In a way, it was exactly what I deserved. Against my friend’s advice, I had alerted Langston to the chicken’s death. Now I was the chicken. The chase was pretty short because, when in pursuit, Langston easily outruns me. When he caught me, he made eating noises. Fortunately, the eating remained imaginary.
That night, while I lay beside him in bed, Langston asked, “What happens to you? Do you keep growing up like me?”
“Not exactly,” I said, “I guess I just get older.” I thought about the way our minds expand as they take in new information, and our emotions stretch as they envelop new experiences, but at the time, I wasn’t sure he would understand that kind of growth. Looking back, I wonder if I underestimated him.

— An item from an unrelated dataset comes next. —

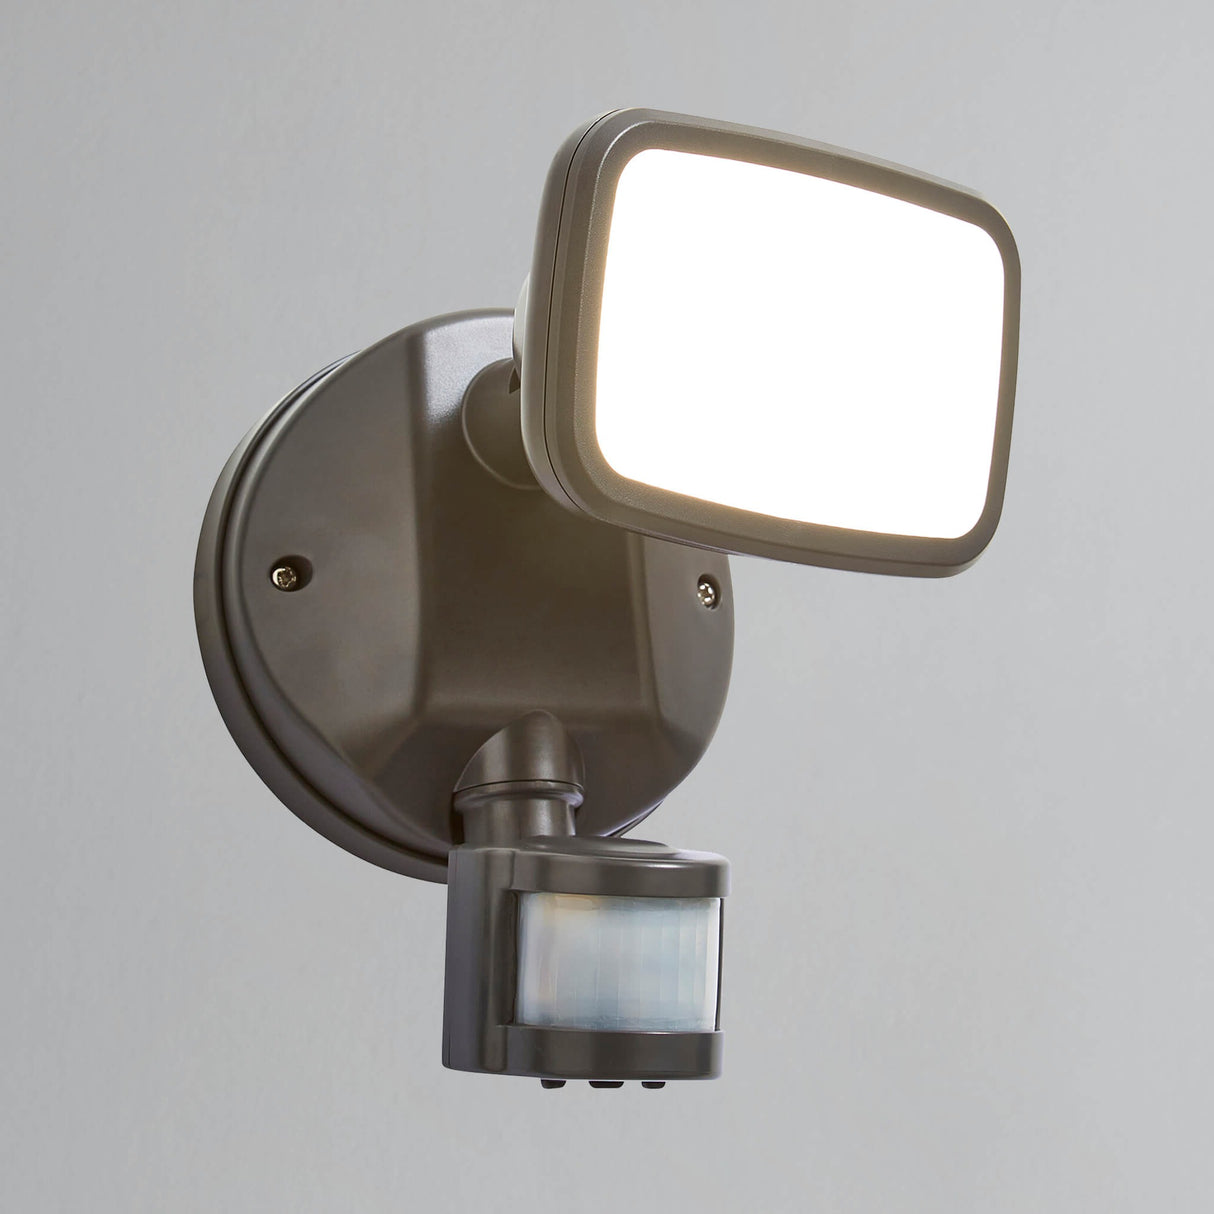 Solina Outdoor LED Security Flood Light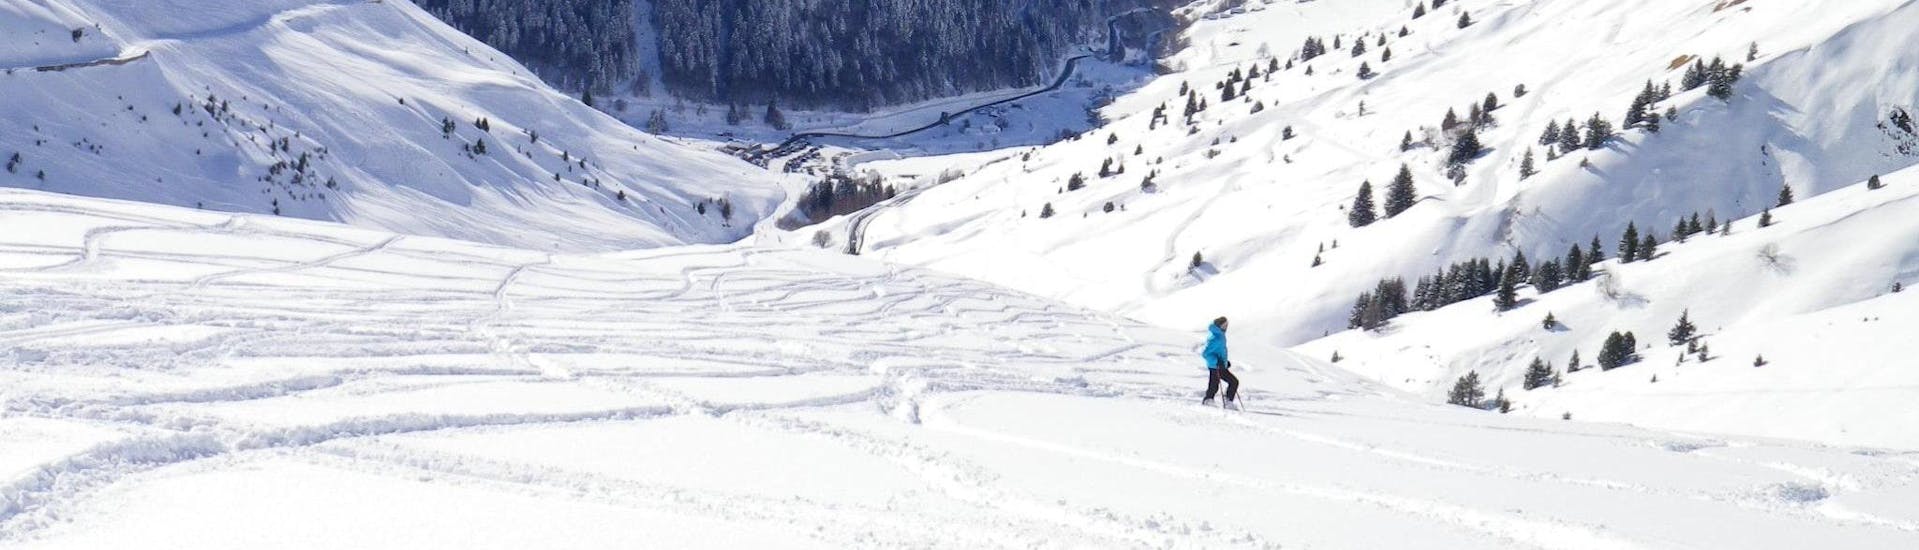 A ski instructor from the ski school ESI Ecoloski Barèges is standing in the middle of the beautiful mountain landscape of Le Grand Tourmalet where Ski Lessons for Adults - All Levels happen.

“And then what?” Langston asked. “Do you become a kid again?”
“No,” I said vaguely. I didn’t want Langston to grapple with my eventual death just yet. Wait, I told myself. Wait until he explicitly asks whether you’ll die, and wait until he’s fully awake! Was that inability to face up to the possibility of my own death in front of my son wisdom or merely cowardice?
Day after day, Langston asked if Buffy was OK, needing me to remind him how she had wandered away from the others and had died. The toy chickens became the favorite toy, but Langston didn’t play any form of Fox and Chicken again; the fox had become so evil that it was banished to the depths of his toy chest where he couldn’t find it easily.
Later that month, I found out I was pregnant. I wanted to stop Langston from jumping and rough-housing with me, but I didn’t want to shoo him off with a vague explanation about not feeling well. So despite all the online advice against it, I told Langston he couldn’t jump on me because I was expecting a baby.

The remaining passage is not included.